Pasaron dos semanas más.
Un día, al caer la tarde, Zeta sintió una presencia familiar. El reencuentro con Marx fue silencioso, breve, pero la mirada del revolucionario lo dijo todo: había peligro en sus ojos. Se reunieron en la parte trasera del centro de salud, y Zeta, desesperado por aferrarse a su burbuja de felicidad, le contó sobre el embarazo de Masha y lo felices que eran en el refugio. Marx no quería arruinar ese momento, pero su lealtad al amigo era más fuerte que su silencio. Menos aún podía ocultarle algo tan importante, sabiendo que una nueva vida estaba a punto de nacer.
Ambos se sentaron en el viejo banco de madera, mirando cómo las sombras de los árboles se alargaban sobre el horizonte. Zeta sentía que su amigo dudaba.
—Vamos, Marx. Ya deja las vueltas y dime —dijo Zeta, su voz más firme de lo normal.
El hombre suspiró, recogiendo su valor.
—Los buscan por desertores. Y no es solo un registro rutinario. Especialmente a ti, Zeta. A la humana... ya lo sabes. Pero a ti, el comando de recuperación te quiere devuelta para hacerte olvidar hasta tu nombre. Serás un autómata. Tu memoria será un borrón.
Zeta dio un golpe tan fuerte que el sonido del impacto contra la madera retumbó en el lugar. Los pocos que estaban cerca se asombraron, pues en la comunidad nunca lo habían visto exhibir tal explosión de ira. Marx se dio cuenta de que había tocado el núcleo de su nueva humanidad.
—Vamos a caminar —le dijo con calma—. Un poco de aire nos hará bien.

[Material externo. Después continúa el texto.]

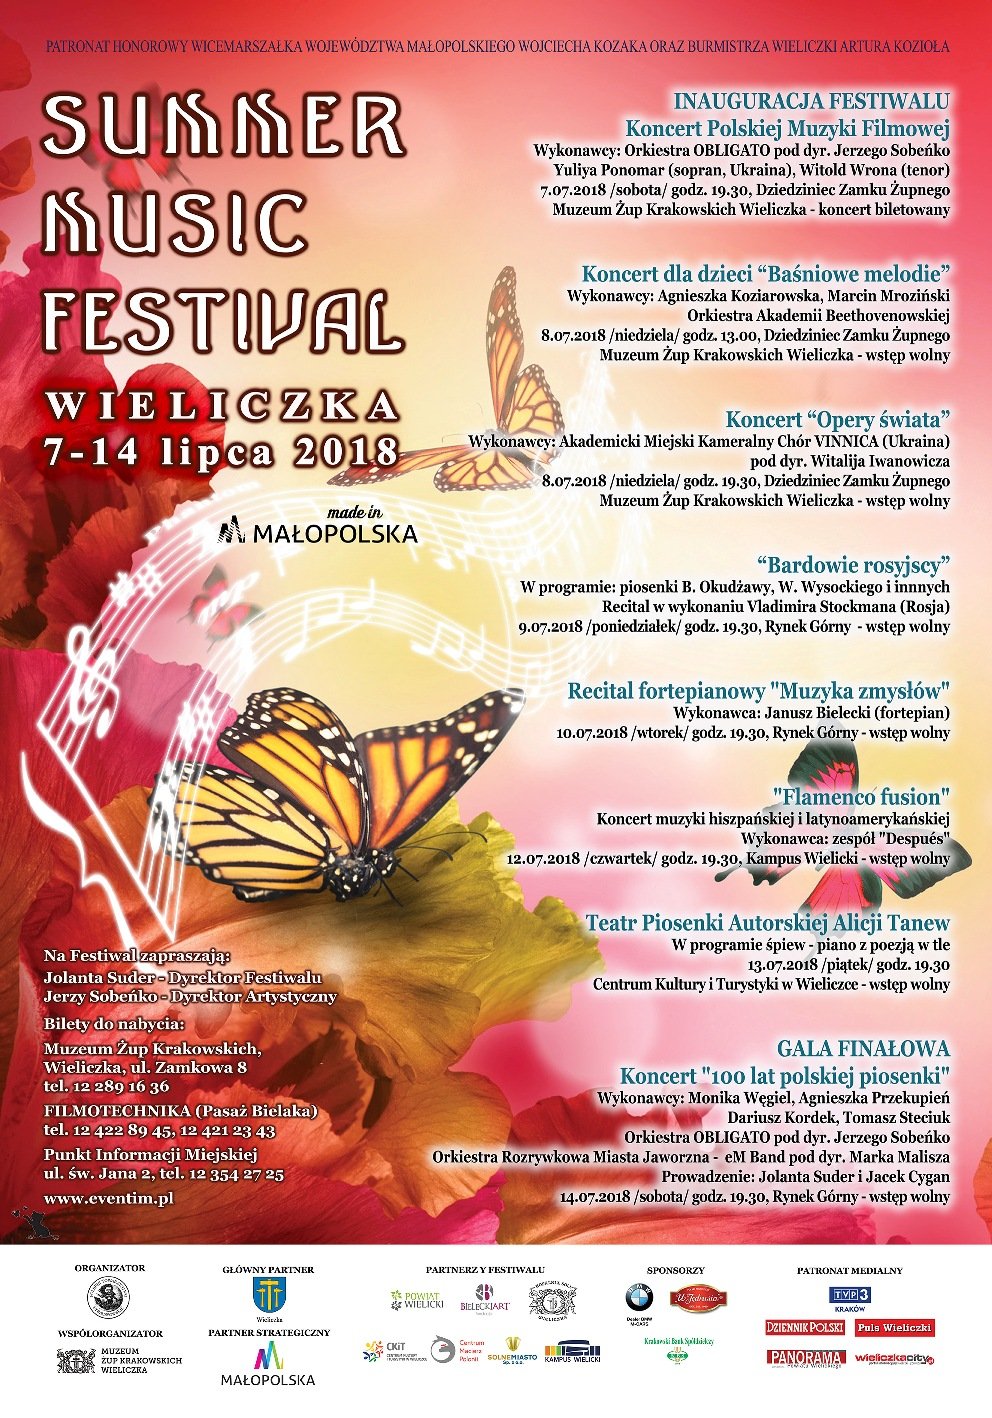 Summer Music Festival Wieliczka 2018

Zeta se disculpó con algunos lugareños que pasaban por allí y salieron. El cielo estaba nublado, y el viento soplaba suave, trayendo consigo el reconfortante olor a leña que se preparaba en los hogares. Mientras caminaban y el aire fresco levantaba las hojas del suelo, Zeta habló, con una cadencia desesperada:
—No temo a la muerte, Marx —comenzó, su voz ahora baja y ronca—. Temo a lo que me harían. No soporto la idea de perder a Masha y a mi hijo... o peor aún, no poder recordarlos. Borrar esta vida sería... estar muerto en vida. No ver crecer a mi hijo, no besar a mi mujer cada día, cada noche.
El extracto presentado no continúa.